В таком вот веселом, даже приподнятом настроении отправились мы на утреннюю линейку, ожидая, что и здесь позабавимся. Линейка проводилась на танцплощадке. Как обычно, мы выстроились по кругу, все еще возбужденно переговариваясь. И вдруг разговоры смолкли. В центре площадки стояли, оказывается, эти двое – Лилька и Серега. И это уже было совсем не смешно. Они стояли мрачные, осунувшиеся, побледневшие. Какие-то… Ну, словом, как привязанные к позорному столбу, как приговоренные к казни. Думаю, что не только я, а все ребята почувствовали это. Потому-то и наступила тишина.

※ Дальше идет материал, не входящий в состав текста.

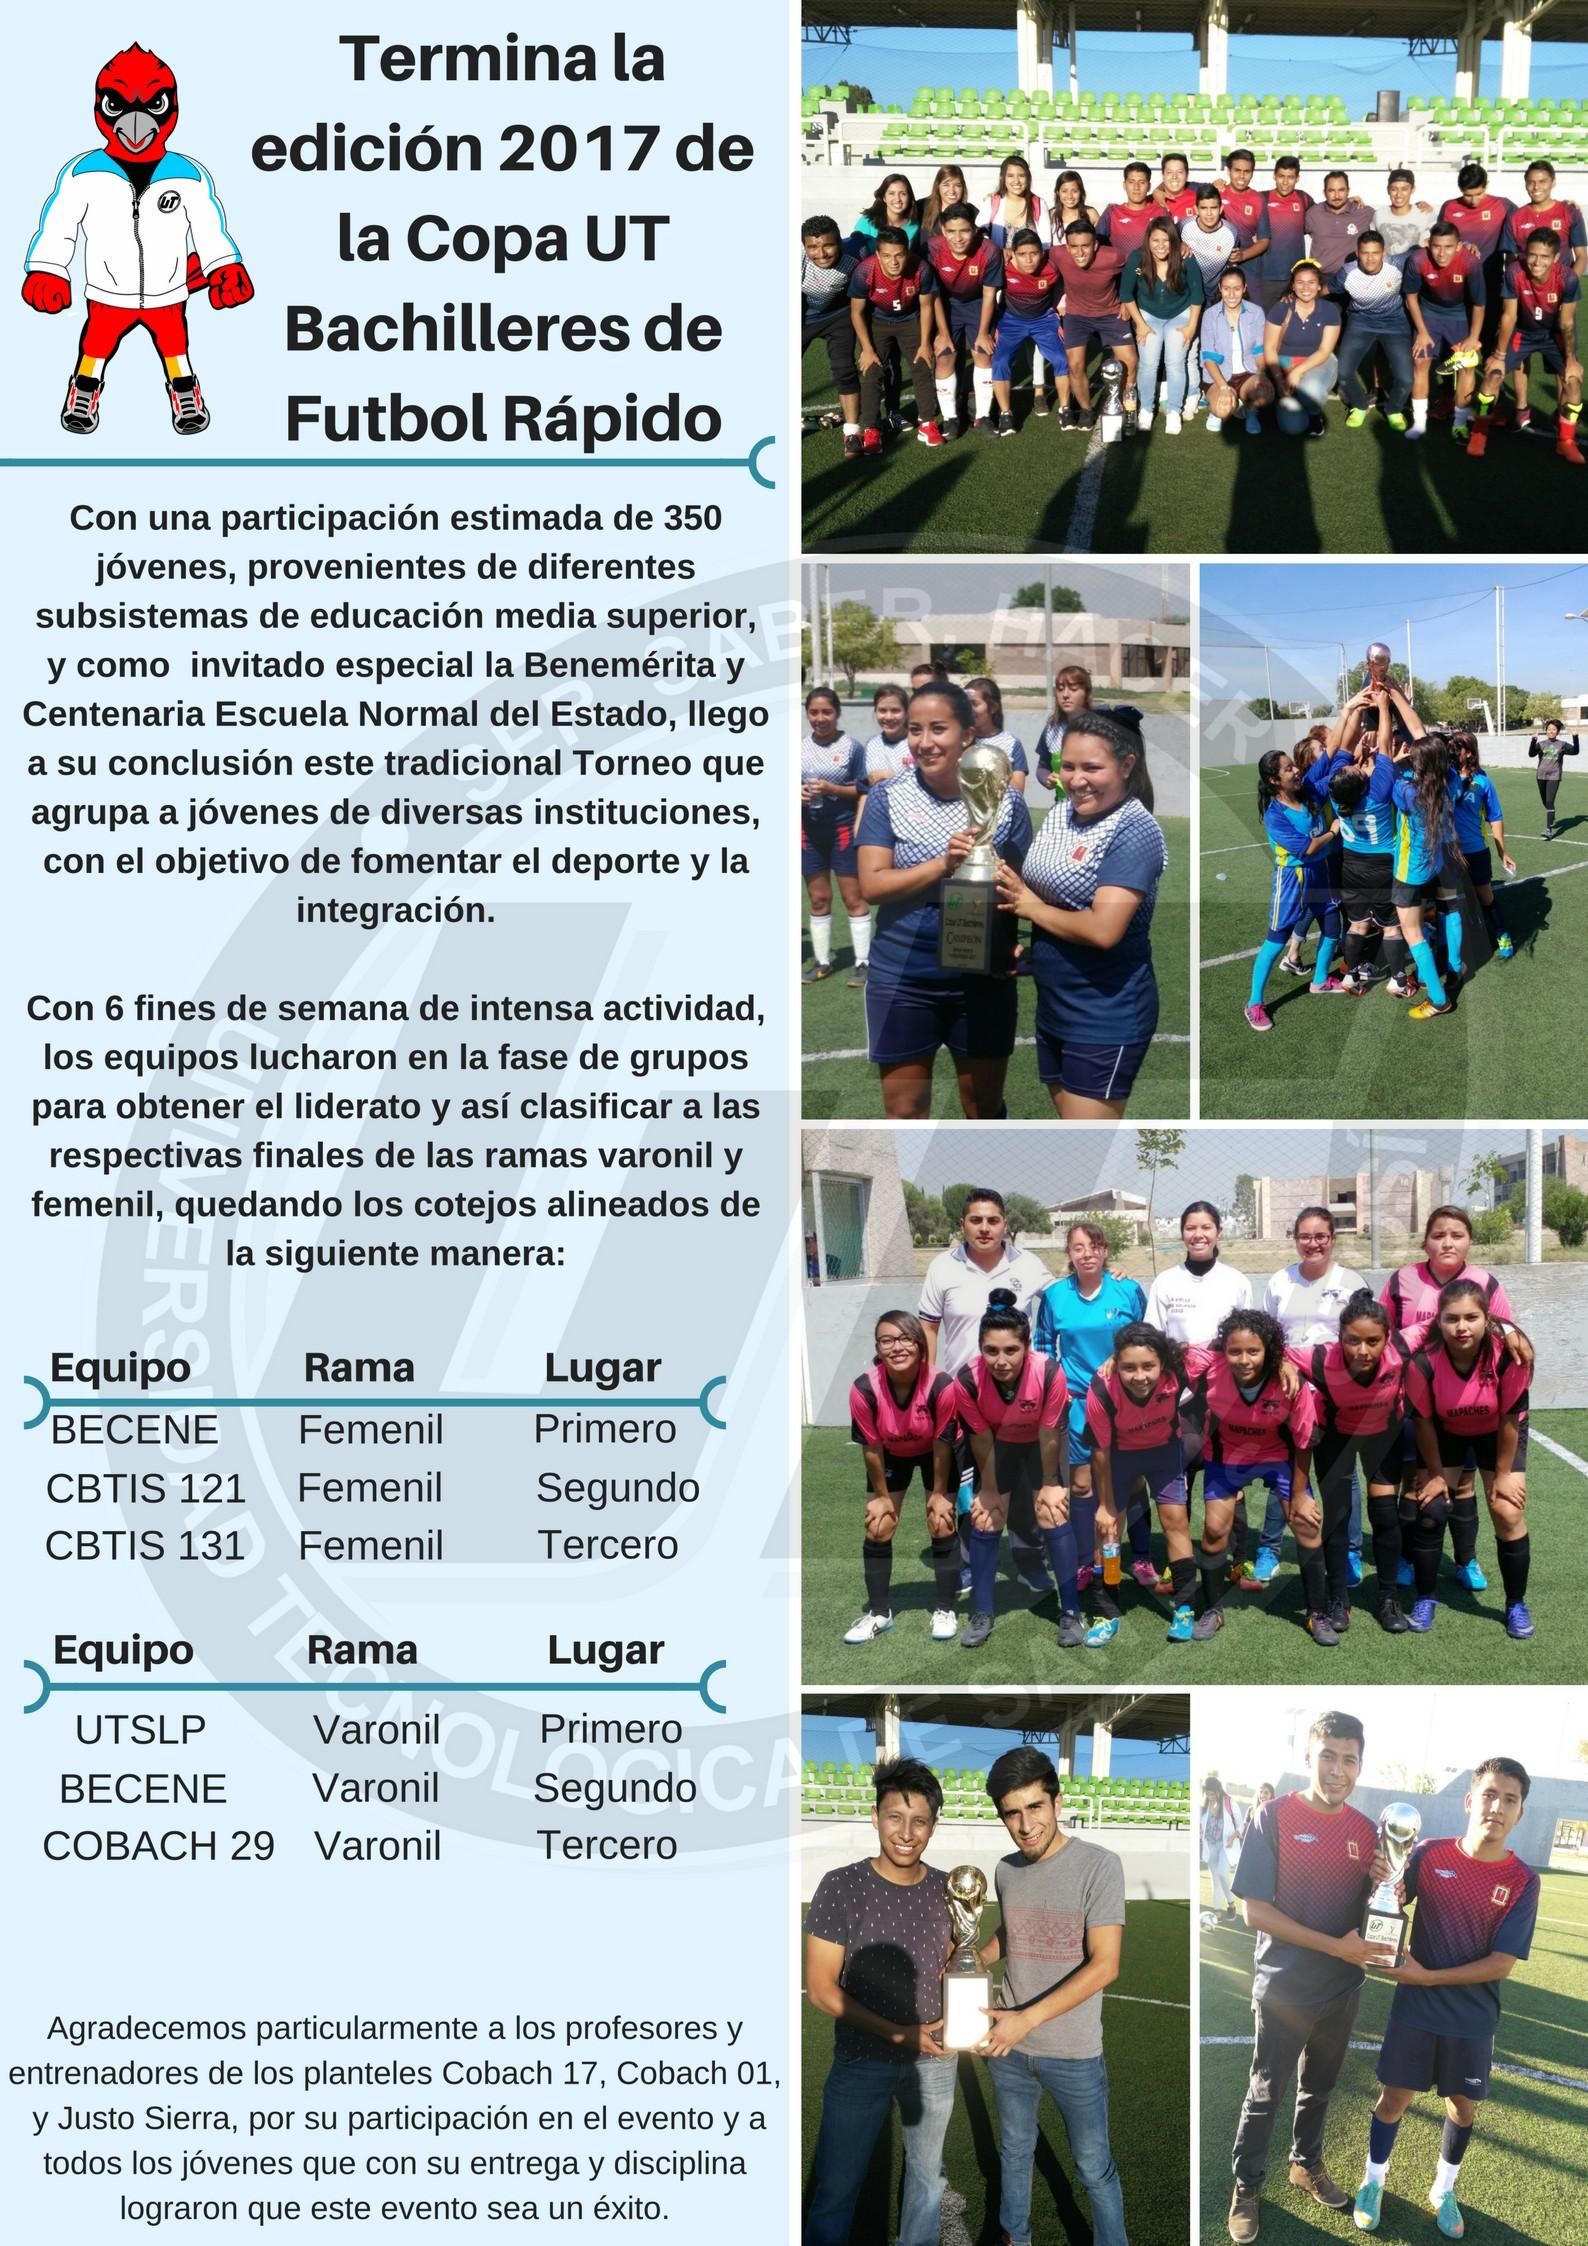 Copa UT Bachilleres (2)

Да, мы как-то не ожидали, что их выставят вот так на позор, перед всем лагерем. В этом было что-то отвратительное, гораздо более непристойное, чем то, что эта легкомысленная парочка сделала ночью. Но руководители лагеря так не считали. В центр круга вышел один из преподавателей – и «позорная казнь» началась…
* * *
Мы росли в то время, когда надзор за «моральным обликом», процедура коллективного обсуждения и осуждения считались нормой человеческих отношений. Главным средством воспитания. На фабричных собраниях то и дело «песочили» алкоголиков и тунеядцев. Все понимали, что словами алкоголика не прошибешь, не перевоспитаешь, что это неимоверно трудное дело, требующее повседневного душевного участия, а не казённых слов. «Прорабатывая» на собраниях мужа, изменившего жене, или жену, изменившую мужу, все понимали, что после этого собрания, где их позорили и поливали грязью, они не раскаются, не станут по-иному относиться друг к другу, а скорее всего научатся лучше маскироваться. Либо они вовсе разойдутся…
Все это понимали, но продолжали участвовать в комедии «проработок». Потому что был установлен такой порядок. А скрывалось за ним вот что: неважно, как на самом деле, важно, чтобы снаружи все выглядело хорошо. Заодно демонстрировался и принцип коллективизма: мол, советский коллектив – могучий воспитатель.
С раннего детства я сыт был этим принципом «по горло, до подбородка», как пел Высоцкий. Сколько собраний, общешкольных и классных, сколько пионерских сборов было посвящено «коллективному перевоспитанию!» То Гервальда стыдили за плохое поведение, то Опарина – за прогулы, то еще кого-нибудь – за двойки… Самое печальное, что это действительно превращалось в уроки. Обвиняемые учились каяться и хитрить, обвинители учились ханжеству, учились произносить красивые и лживые слова, которые могут понадобиться в будущем для карьеры.
То, что происходило сейчас, тоже было вариантом «проработки», но таким, который не требовал нашего участия. Преподаватель, окидывая суровыми взорами «подсудимых» да и всех нас, произнес гневную речь. Он сообщил, что этот аморальный поступок будет очень строго наказан. О нем немедленно доложат ректору. Он заклеймил возмутительное поведение девочек из Лилькиной палатки, допустивших это позорное, безнравственное происшествие. Он корил всех нас за безразличие к лагерным устоям, что и привело якобы к сегодняшнему безобразию… Он говорил и говорил, а мы, переминаясь с ноги на ногу, думали: уж поскорее бы ты заткнулся! Что же нам всем теперь кастратами стать, что ли? К тому же мучительно было смотреть на Серегу и Лильку, которых, вероятно, ожидало кое-что похуже изгнания из лагеря. Но как помочь им?
* * *
Об этом мы и говорили, собравшись после обеда довольно большой группой в долинке под сенью дуба. В совещании участвовал и сам «виновник торжества».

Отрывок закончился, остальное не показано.